» Material provided:
########

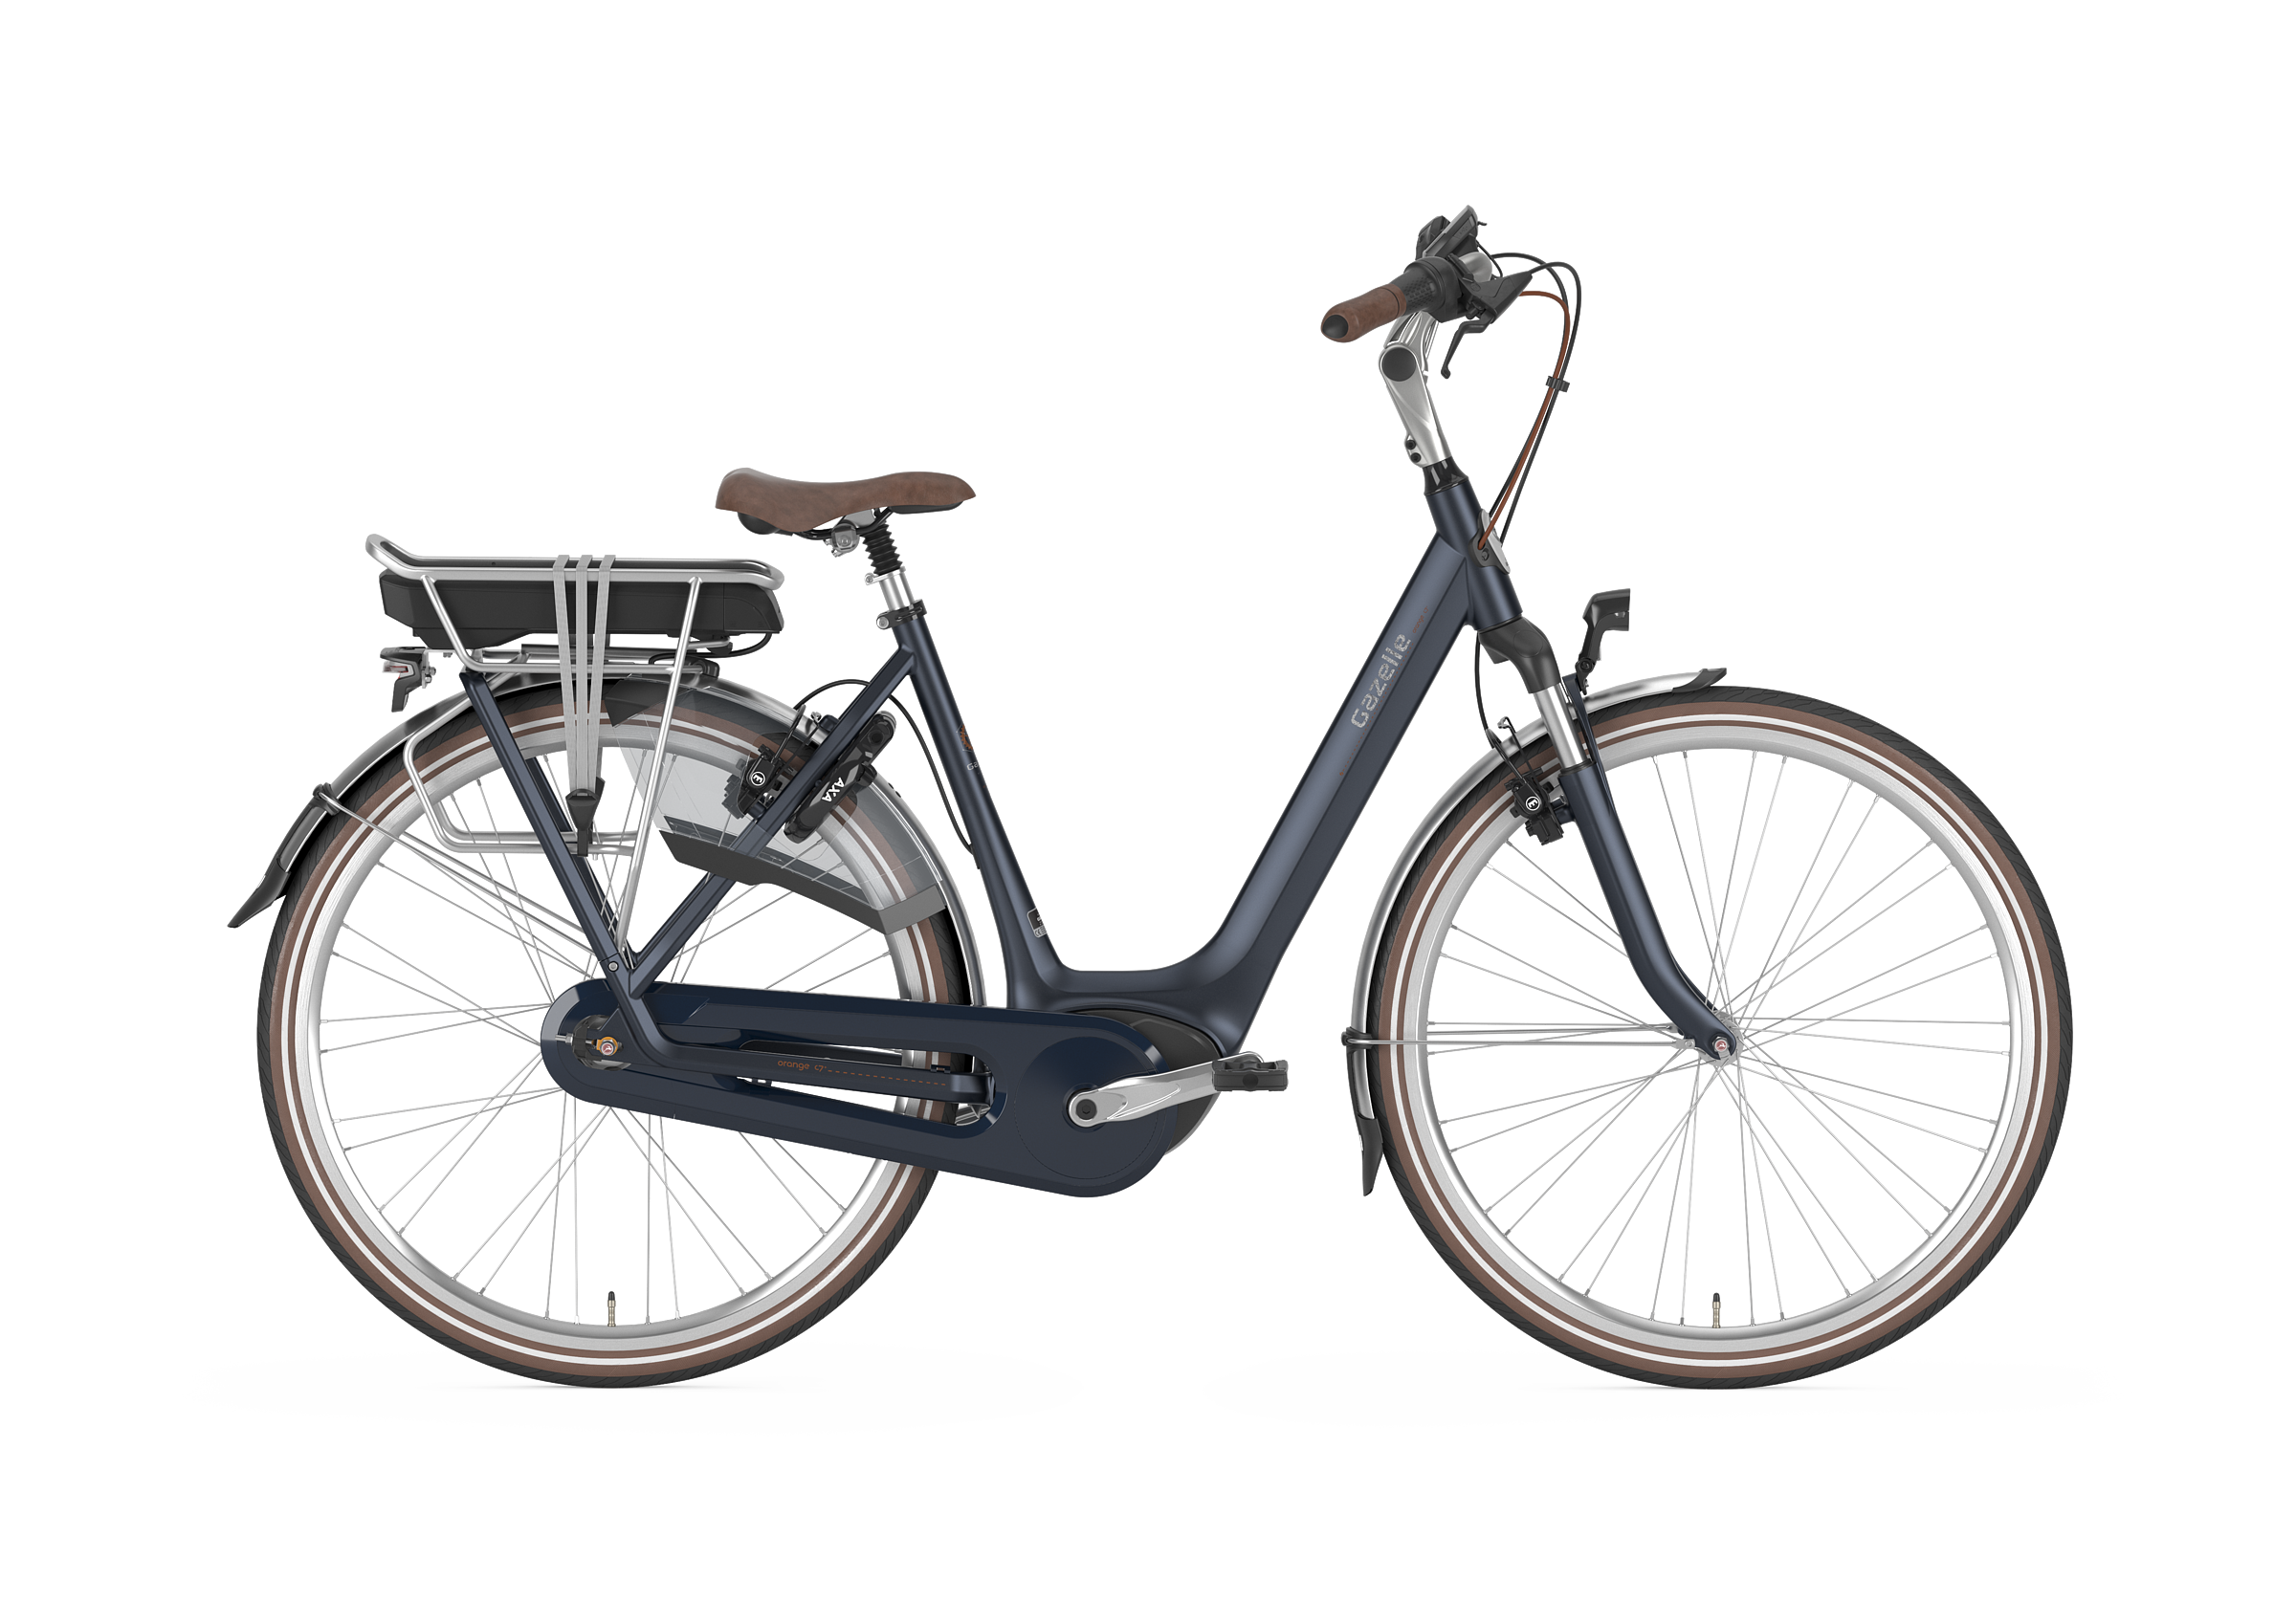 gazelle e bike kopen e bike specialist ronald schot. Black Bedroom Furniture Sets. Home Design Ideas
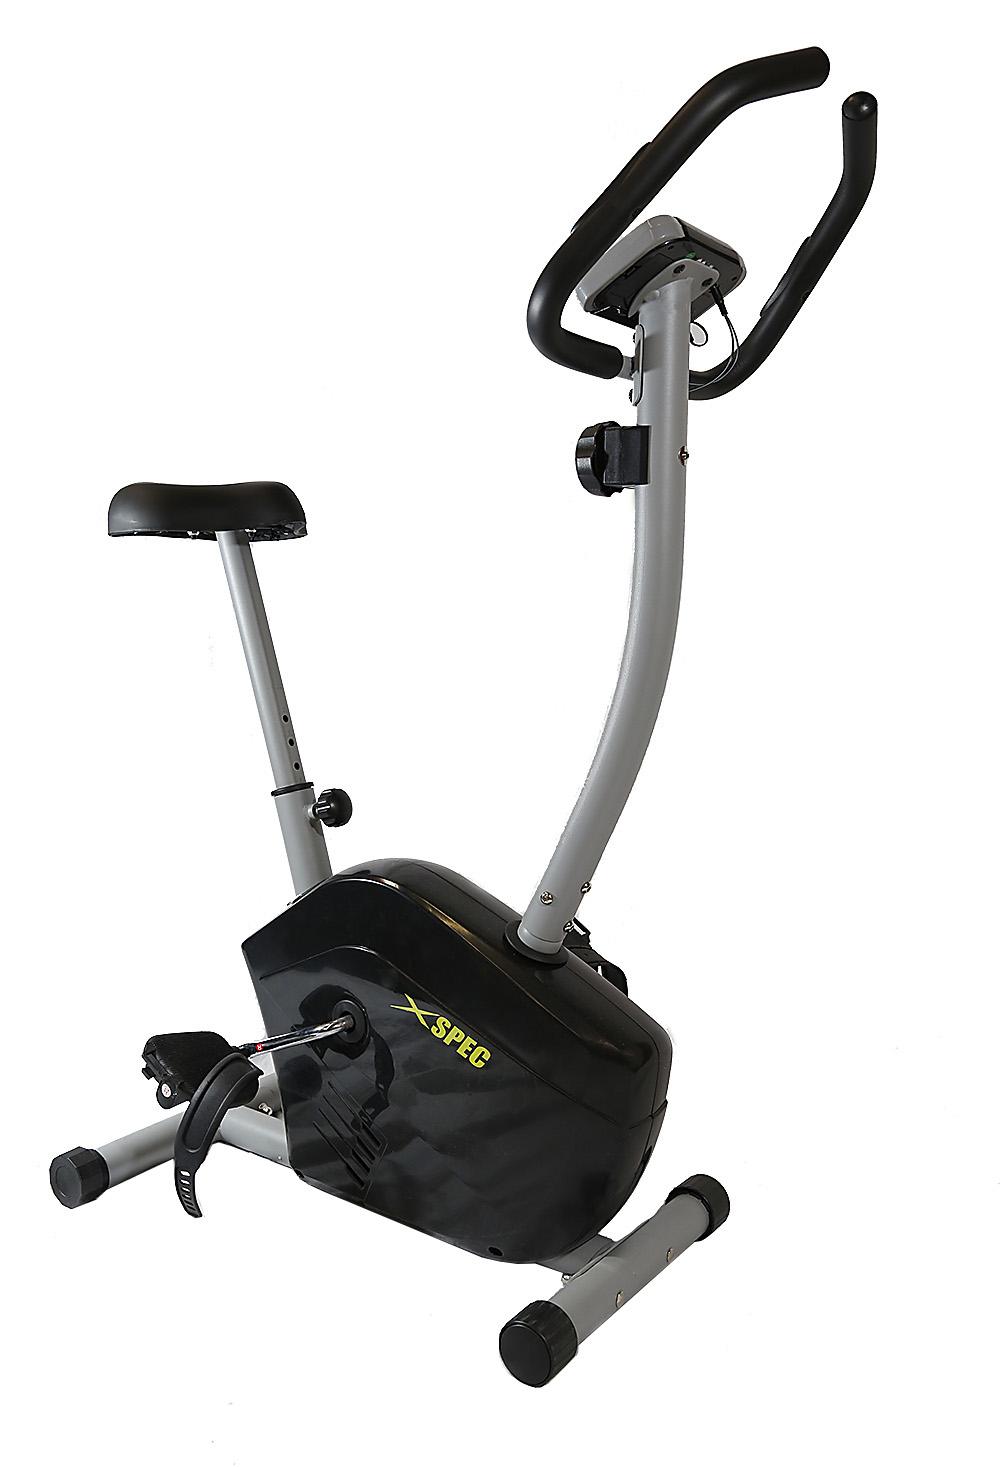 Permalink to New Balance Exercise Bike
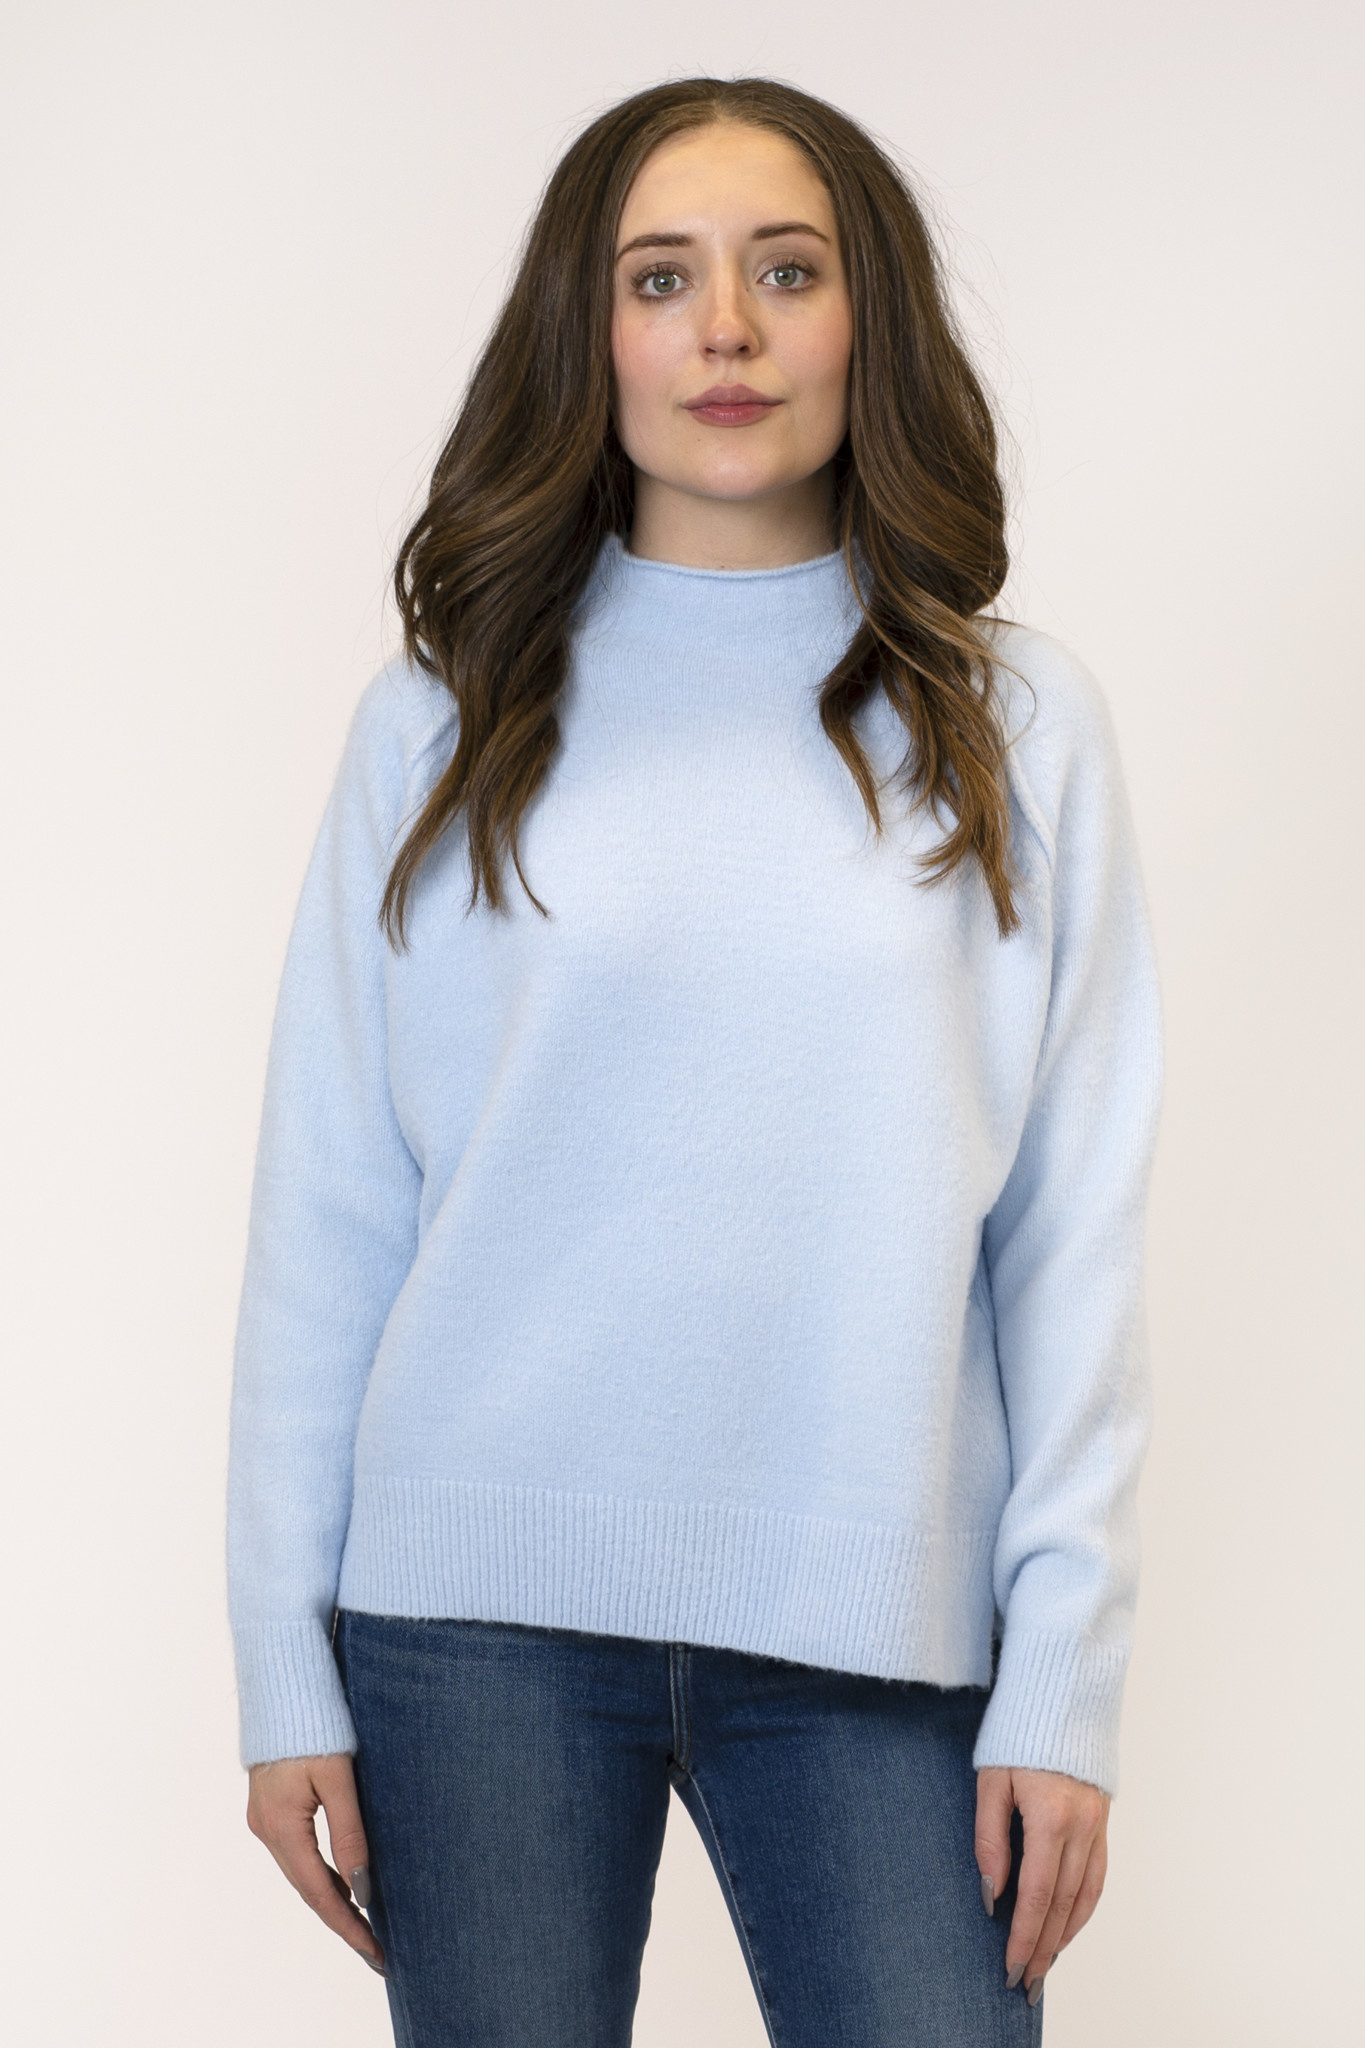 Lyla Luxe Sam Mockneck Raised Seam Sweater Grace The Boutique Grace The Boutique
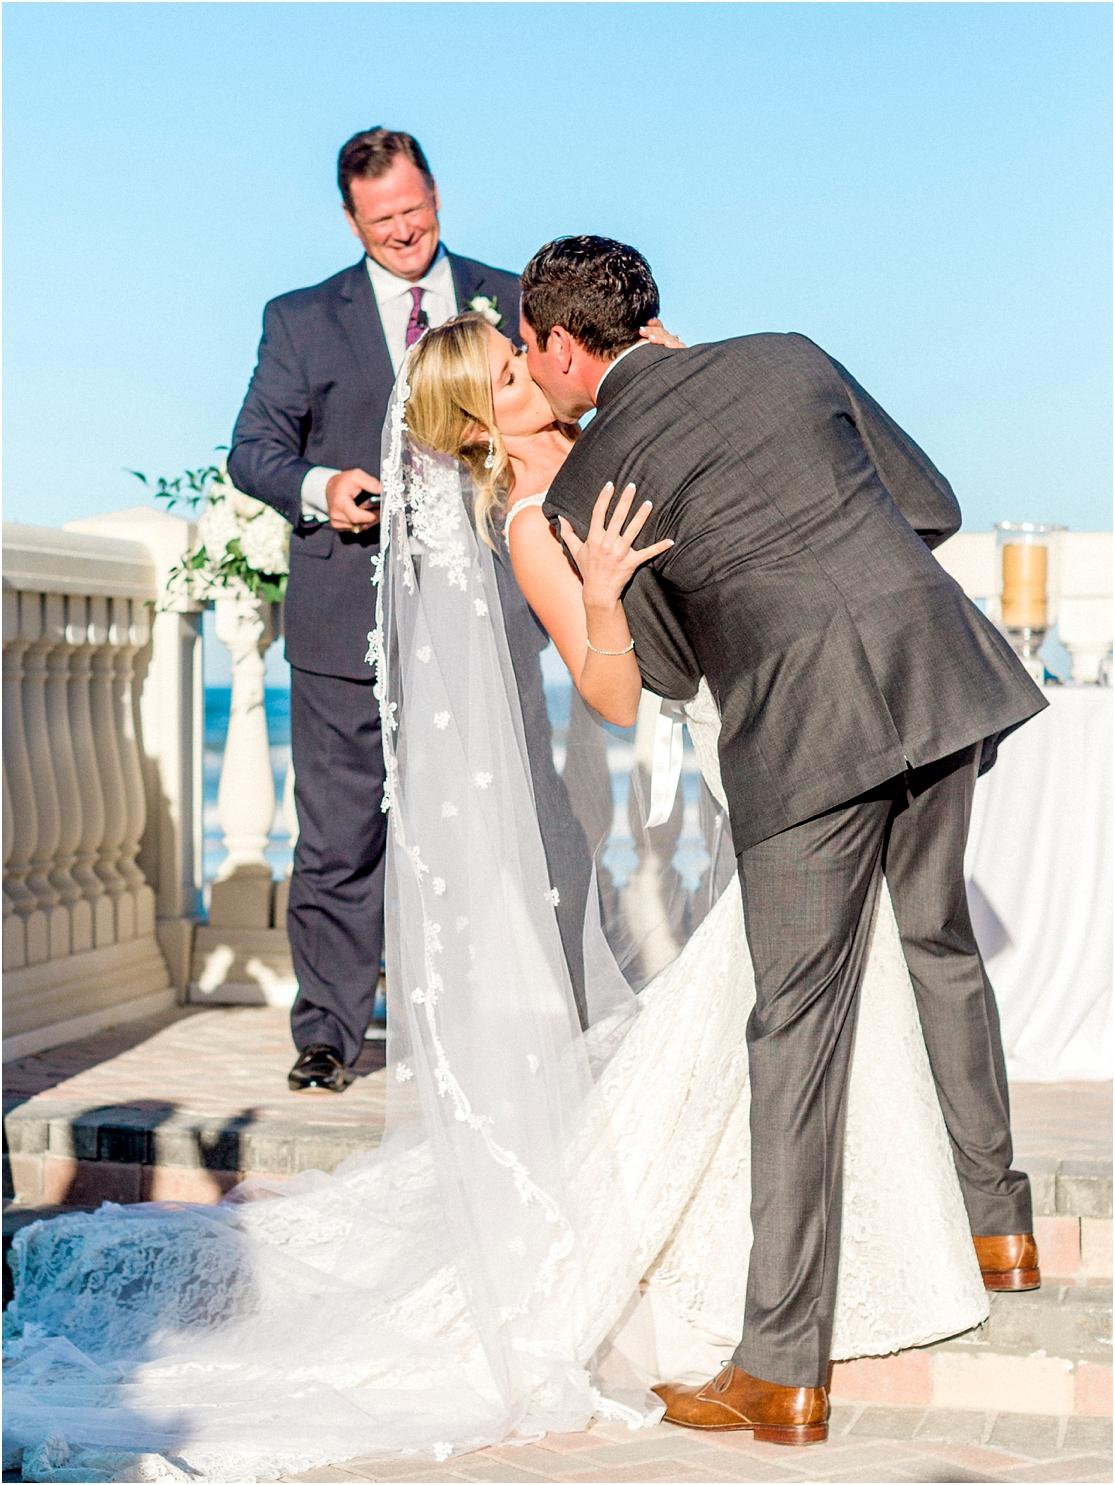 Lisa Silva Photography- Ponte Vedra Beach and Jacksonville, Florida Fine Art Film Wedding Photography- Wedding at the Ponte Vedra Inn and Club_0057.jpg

########

» Try it:
Repeat the data exactly, excluding the pictures.

» Result for this task:
 gazelle e bike kopen e bike specialist ronald schot. Black Bedroom Furniture Sets. Home Design Ideas
 Permalink to New Balance Exercise Bike
 Lyla Luxe Sam Mockneck Raised Seam Sweater Grace The Boutique Grace The Boutique
 Lisa Silva Photography- Ponte Vedra Beach and Jacksonville, Florida Fine Art Film Wedding Photography- Wedding at the Ponte Vedra Inn and Club_0057.jpg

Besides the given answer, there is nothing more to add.